A Cyclic Arginine Adduct Eclipses Carboxymethylation as the Primary Glyoxal-Derived Advanced Glycation End-Product
A Cyclic Arginine Adduct Eclipses Carboxymethylation as the Primary Glyoxal-Derived Advanced Glycation End-Product
Brutus, M. E.; Girard, C. S.; Jacob-Dolan, J. W.; Scheck, R. A.
AbstractGlyoxal (GO) is a highly reactive 1,2 dialdehyde implicated in the formation of a set of disease-associated post-translational modifications (PTMs) known as advanced glycation end products (AGEs). While GO has been widely reported to modify lysine to form the highly studied AGE carboxymethyllysine (CML), here we demonstrate that GO alone leads to highly chemoselective arginine glycation, yielding a stable glyoxal-derived hydroimidazolidine (GH-DH) product. This near-exclusively formed AGE has the same mass change as carboxymethylarginine (CMA), which implies that it may have been overlooked or misattributed in prior studies.
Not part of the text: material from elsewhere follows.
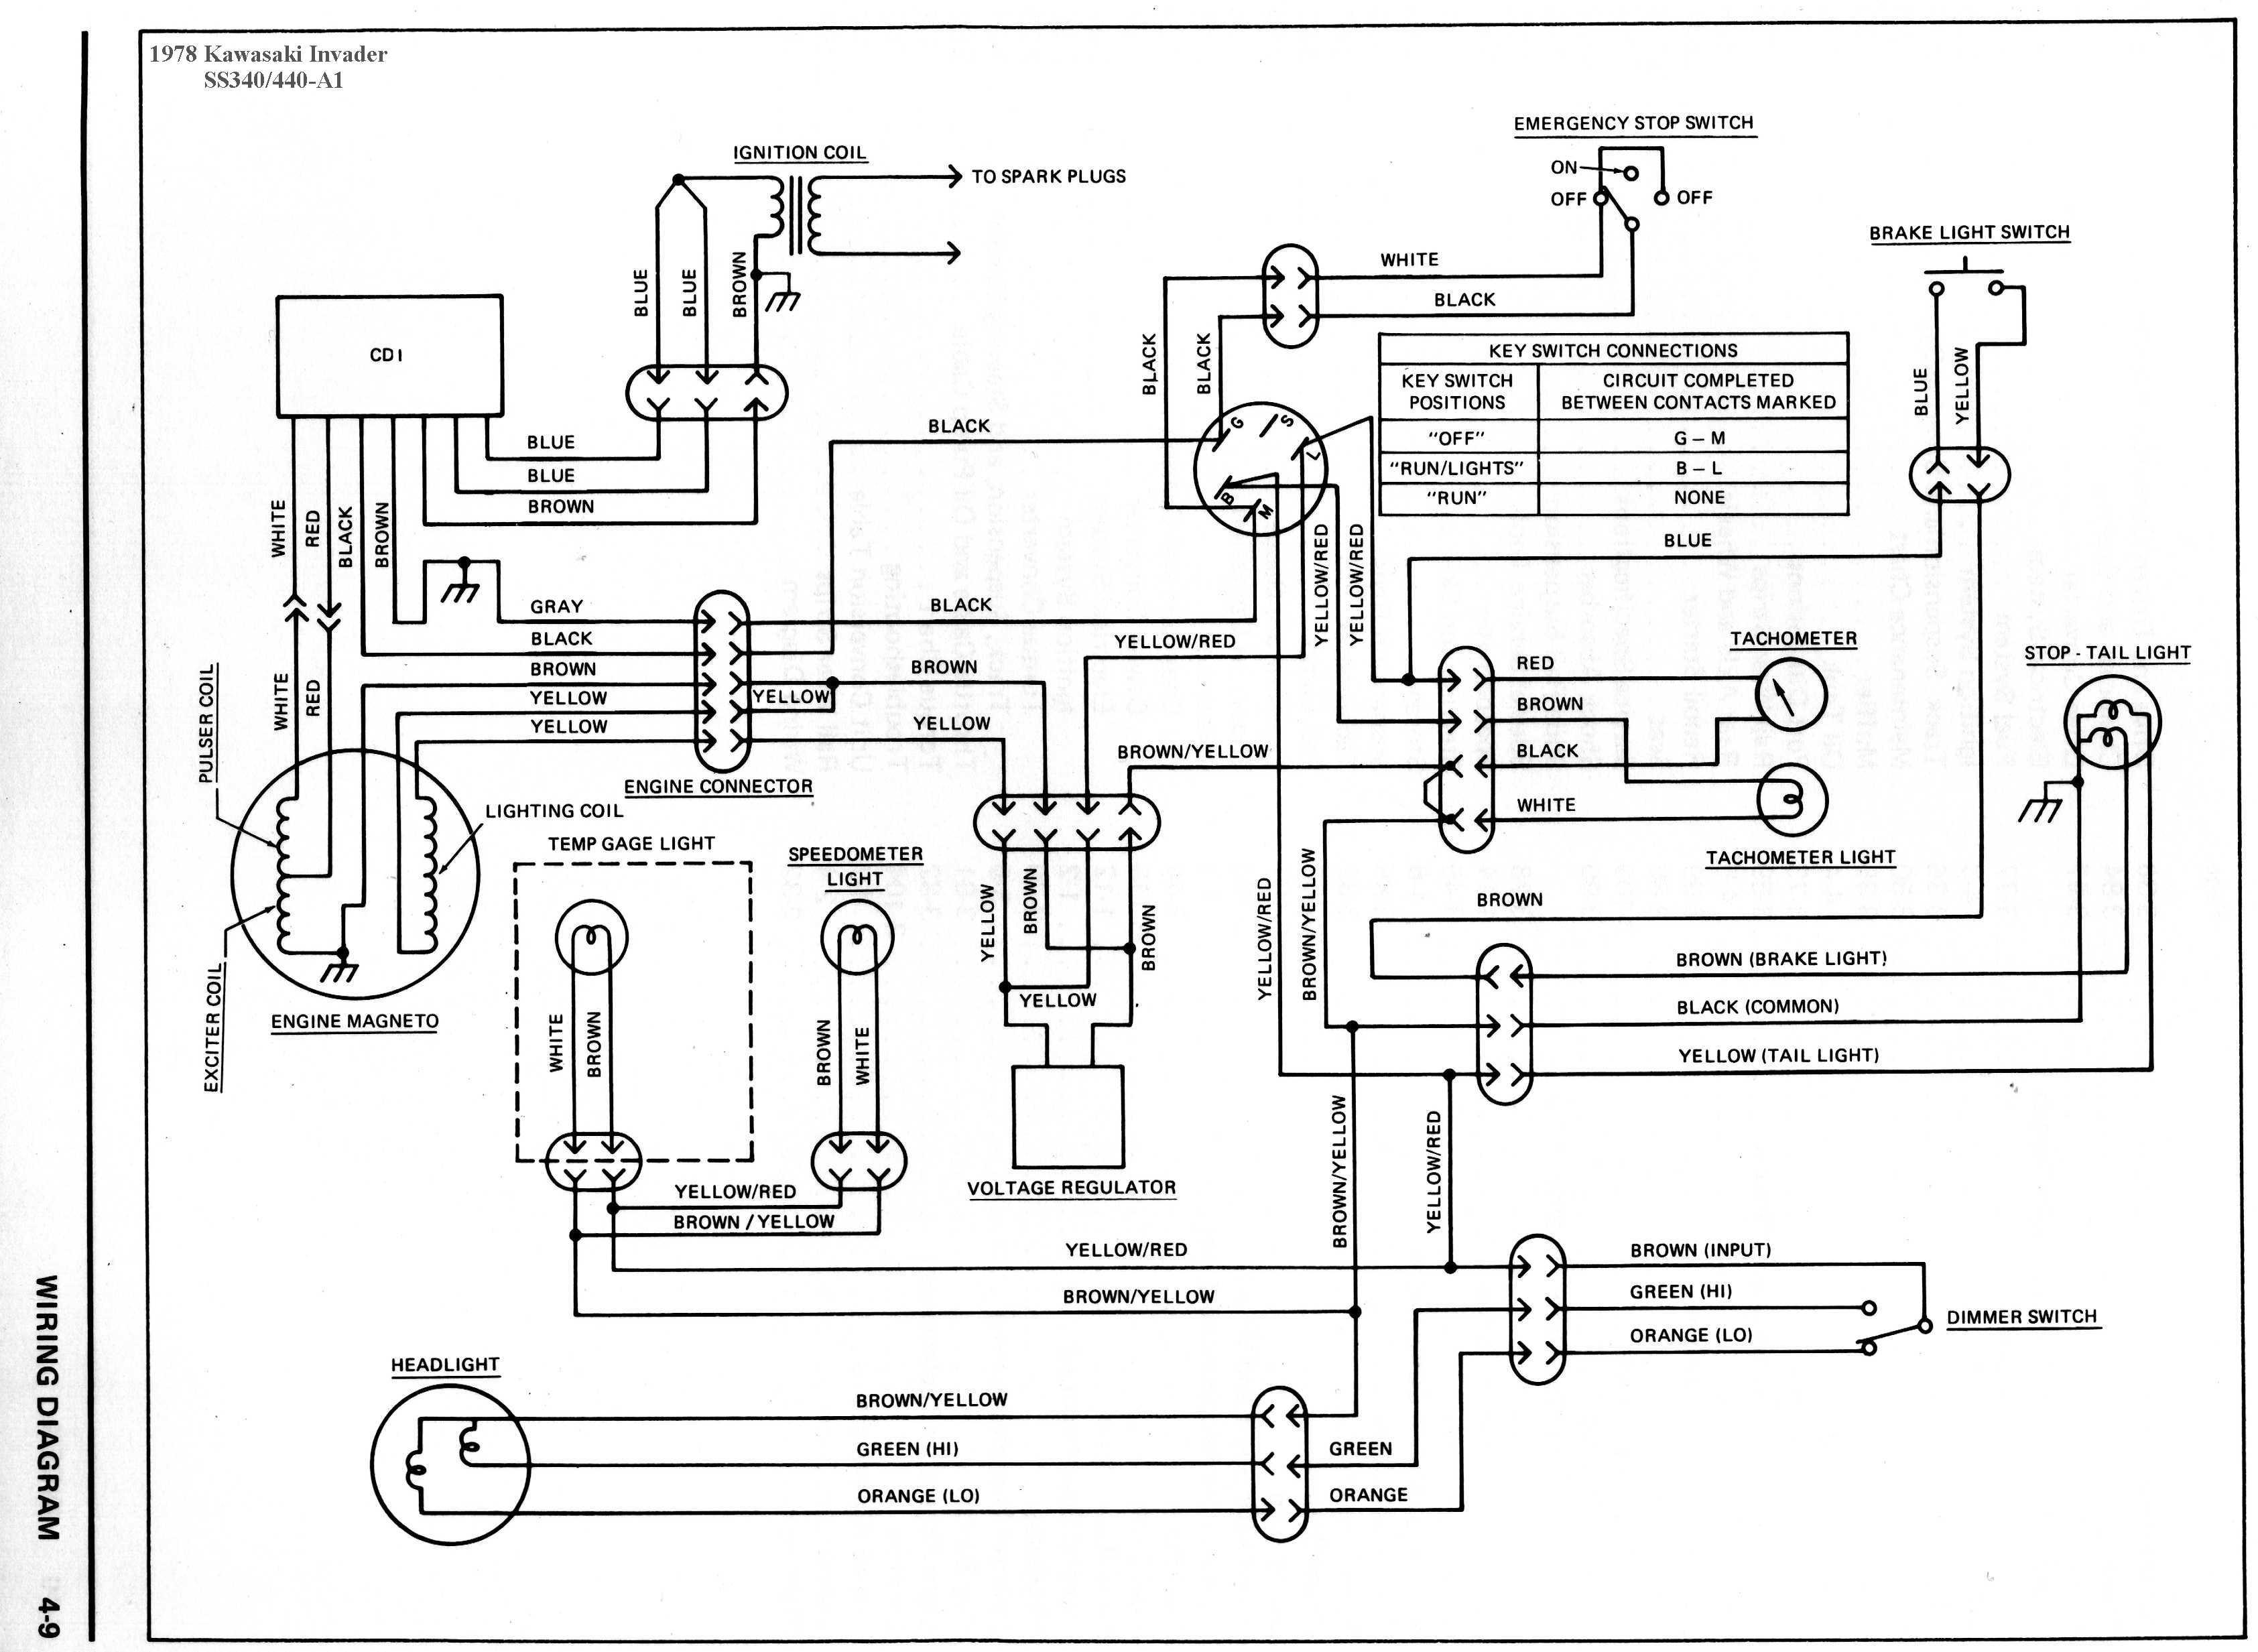 [DIAGRAM_4PO]  DK_5673] Kawasaki Bayou 220 Wiring Diagram In Addition Wiring Diagram 1999  Free Diagram | Kawasaki Bayou 220 Wiring Harness |  | Expe Throp Atrix Tzici Dupl Hroni Xeira Mohammedshrine Librar Wiring 101

In contrast, lysine modification by GO is highly dependent on the presence of hydride-based reducing agents, suggesting that prior reports may have artifactually generated CML through pervasive use of reductive amination protocols during sample preparation. These findings challenge the standing assumptions about the landscape of GO-derived glycation, emphasizing the importance of carefully considering the impact of experimental conditions in glycation studies. By redefining the complement of GO-derived AGEs, this study provides essential new information that is greatly needed for uncovering their biology, creating new tools for their study, and discovering therapies that ameliorate or mitigate their glycation-related damage.